The Delhi-based Indraprastha Institute of Information Technology (IIIT) along with Institute of Post-Graduate Medical Education and Research (IPGME&R), Kolkata and the Inria Saclay-Île-de-France Research Centre, France has worked on an Artificial Intelligence (AI) algorithm that can help quicken the search for COVID-19 treatment. The AI model will work on repositioning the treatment of COVID-19 by checking for a medicine which has the highest probability of effectiveness against the COVID-19 virus.
Usually, such a research would have taken months, if not years, if researchers would have attempted to do so manually. Parallelly, the search for a new drug will take time too, as any new drug needs to be tested through multiple trials before they are approved by national and international agencies. Similarly, the discovery of a vaccine against COVID-19 seems at least a year or two away too.
In such a scenario, repurposing available drugs for the disease seems to be the only timely solution. In the recent past, drugs such as Hydroxychloroquine (HCQ), Dexamethasone, Remdesivir, Avifavir/Favipiravir etc. have been repositioned for COVID-19. The other drugs which are on trial include Ribavirin, Umifenovir, Sofosbuvir and several antiretrovirals.
The AI algorithm created by the trio prune through a database of drugs called drugback.ca which lists more than 100 antivirals that have been approved. The AI algorithm will follow the drug-target interaction (DTI) prediction approach on this list to discover which drug, originally meant for a different ailment, can be repurposed to treat a certain disease.
The AI algorithm will first identify similarities between the genomic structures of the existing viruses and the novel coronavirus, and then compute the similarities between the chemical structures of the drugs. For the next step, the algorithm will look at the historical information regarding the effectiveness of the drug on different viruses. Based on this information, drugs that were effective in treating viruses with a similar genomic structure as the novel coronavirus will be selected.
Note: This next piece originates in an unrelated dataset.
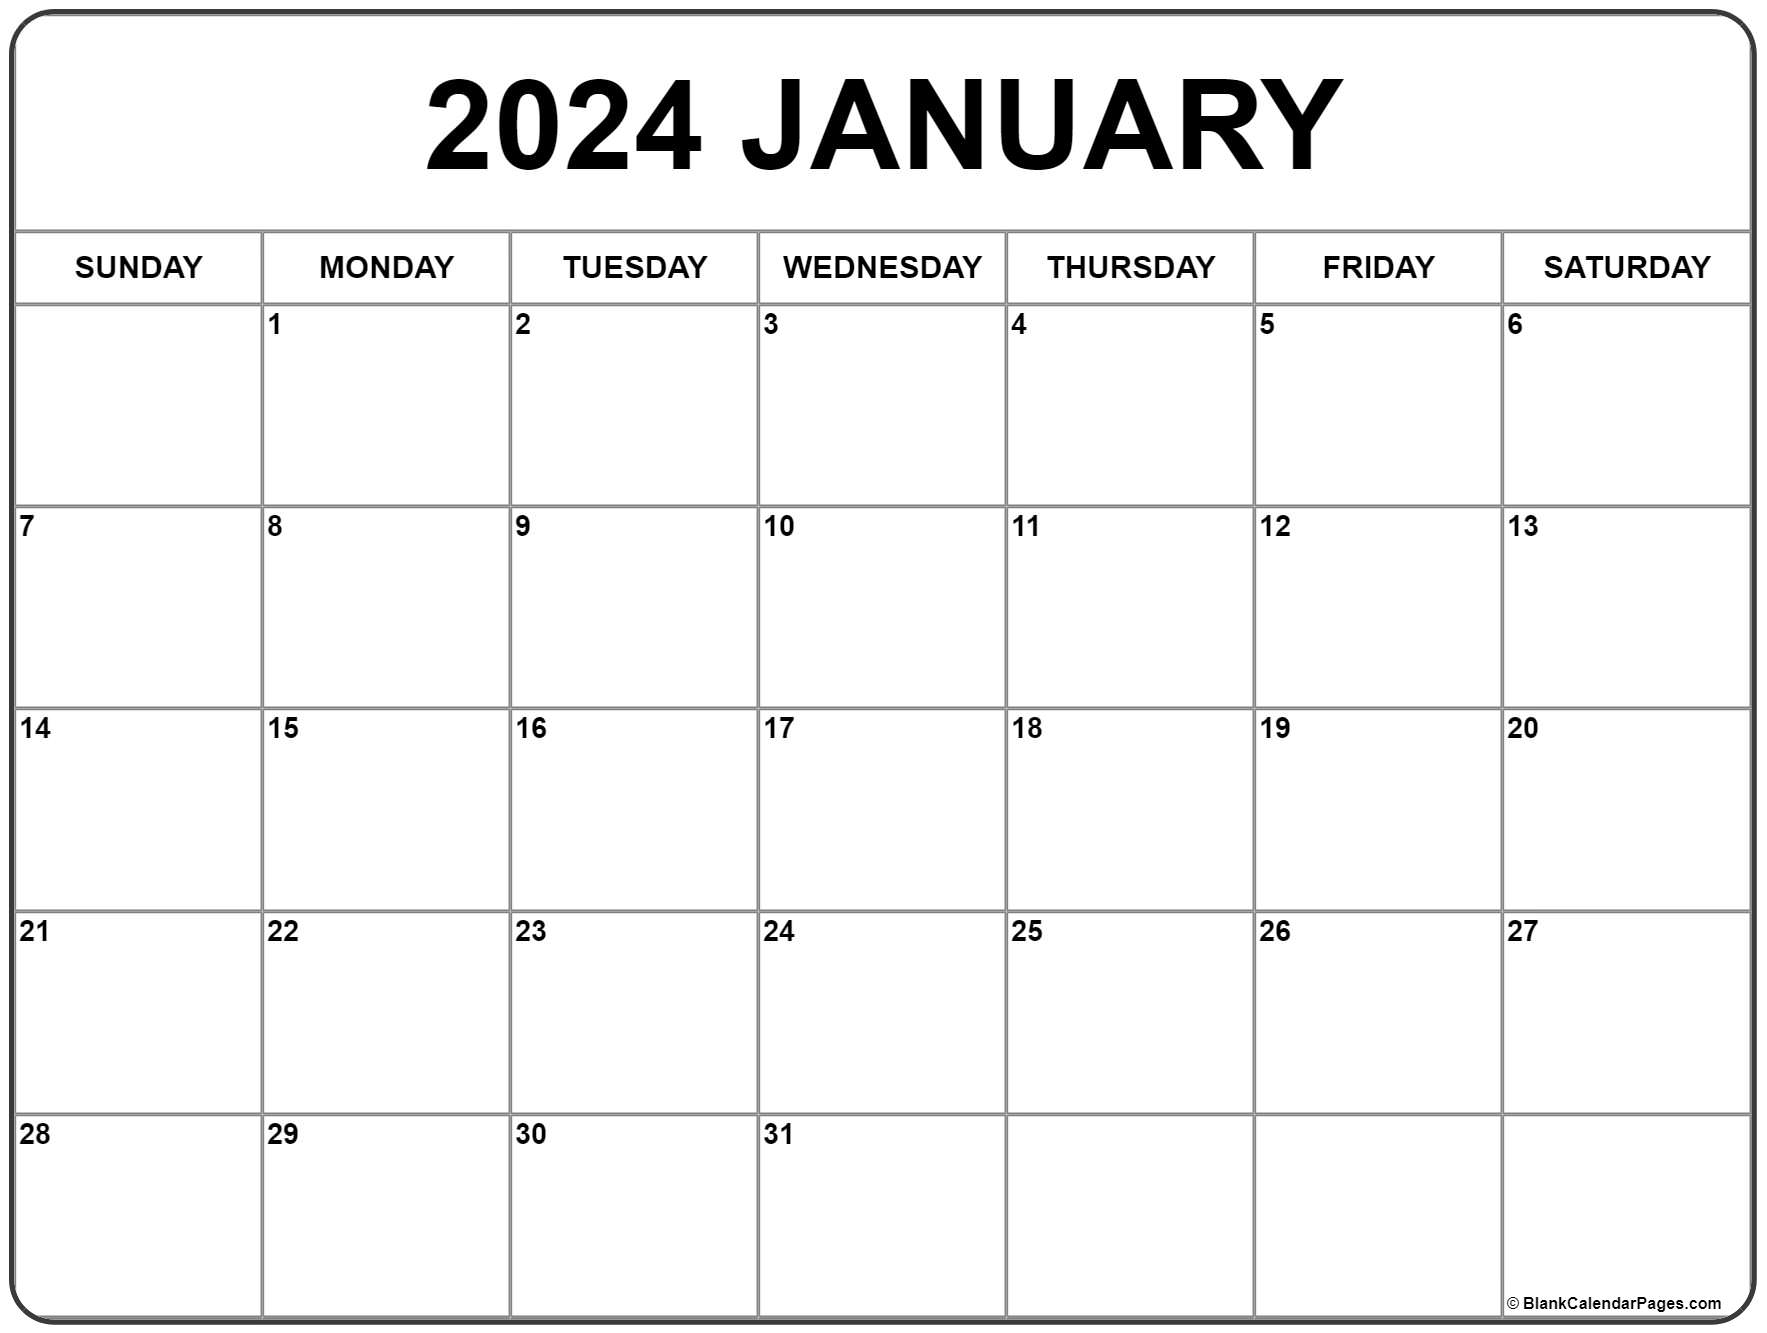 December 2022 January 2023 Calendar Printable October Calendar 2022

Such deductions have worked in the past. For example, the drug Imatinib mesylate was originally discovered for leukaemia treatment but was proven effective in treating gastrointestinal stromal tumours too.
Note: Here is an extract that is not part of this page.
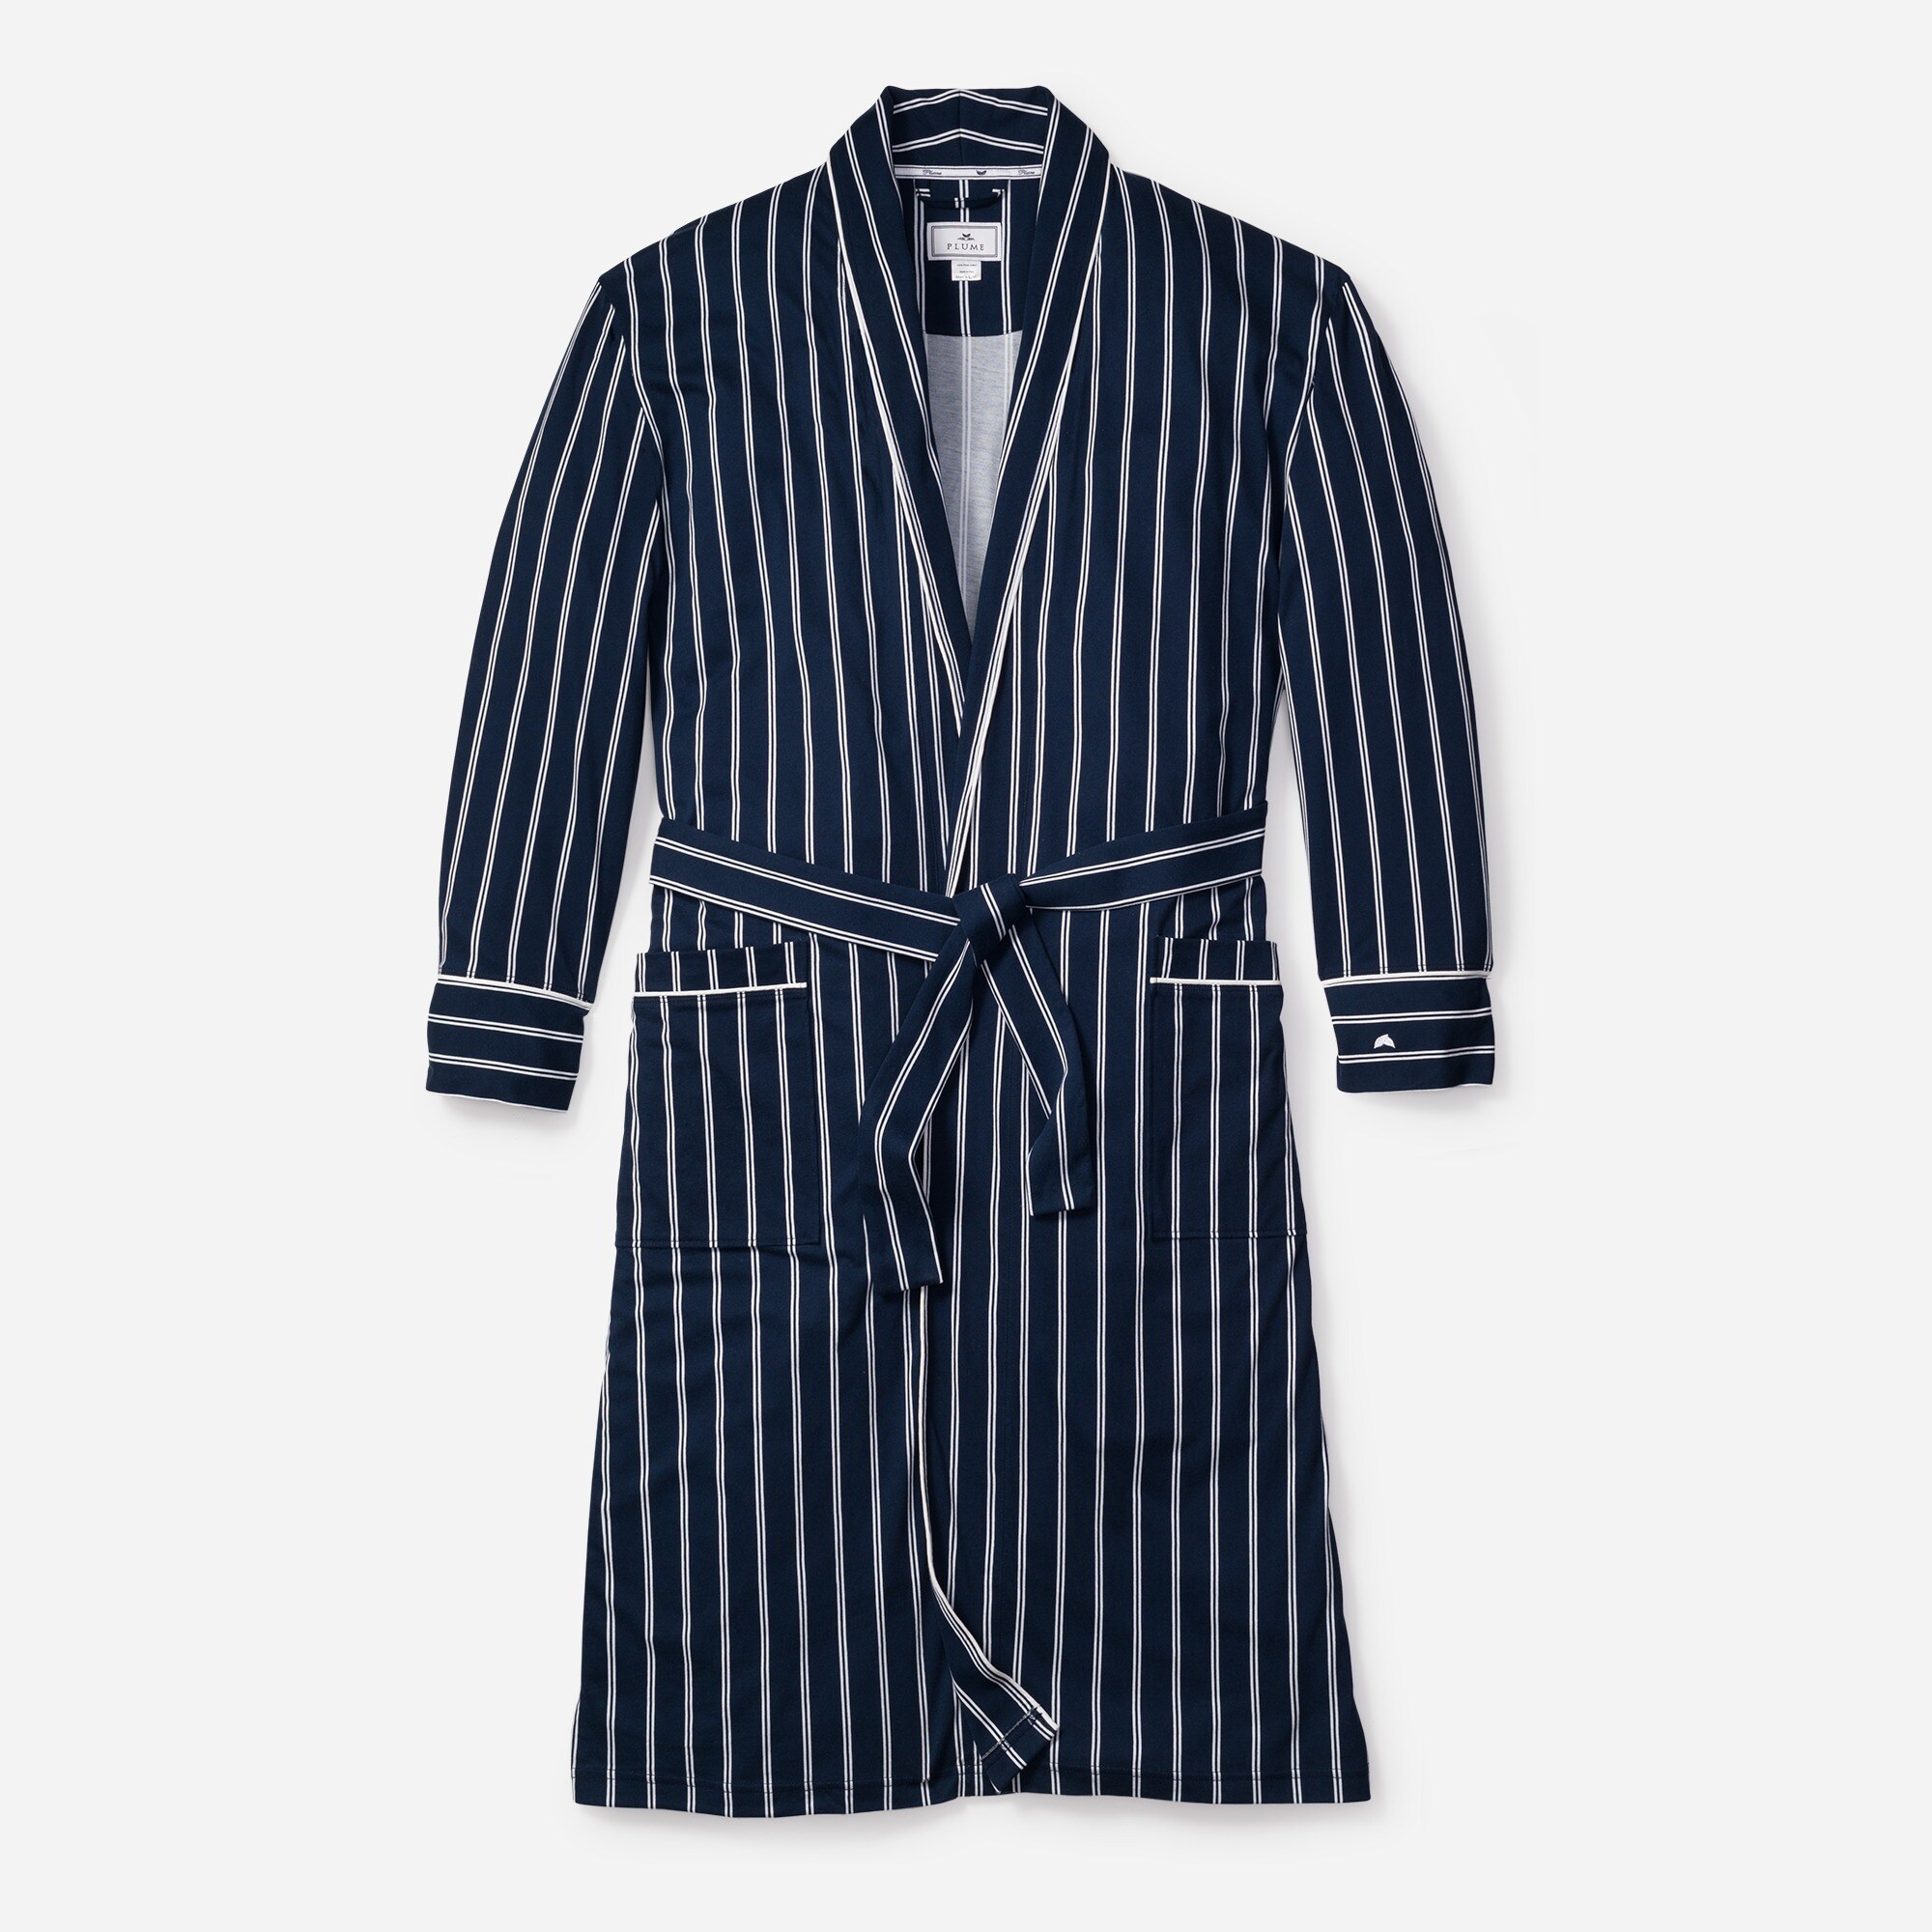  Petite Plume™ men's Pima cotton robe in pinstripe

One constant challenge for doctors and epidemiologists is that the novel Coronavirus is constantly mutating at a fast pace. For example, drugs that were effective on the strain of novel coronavirus in December 2019 are very different than the drugs effective on the strain in June 2020. Thus, AI algorithms like the one developed by IIIT-Delhi can help professionals evolve the drugs based on the evolution of the virus.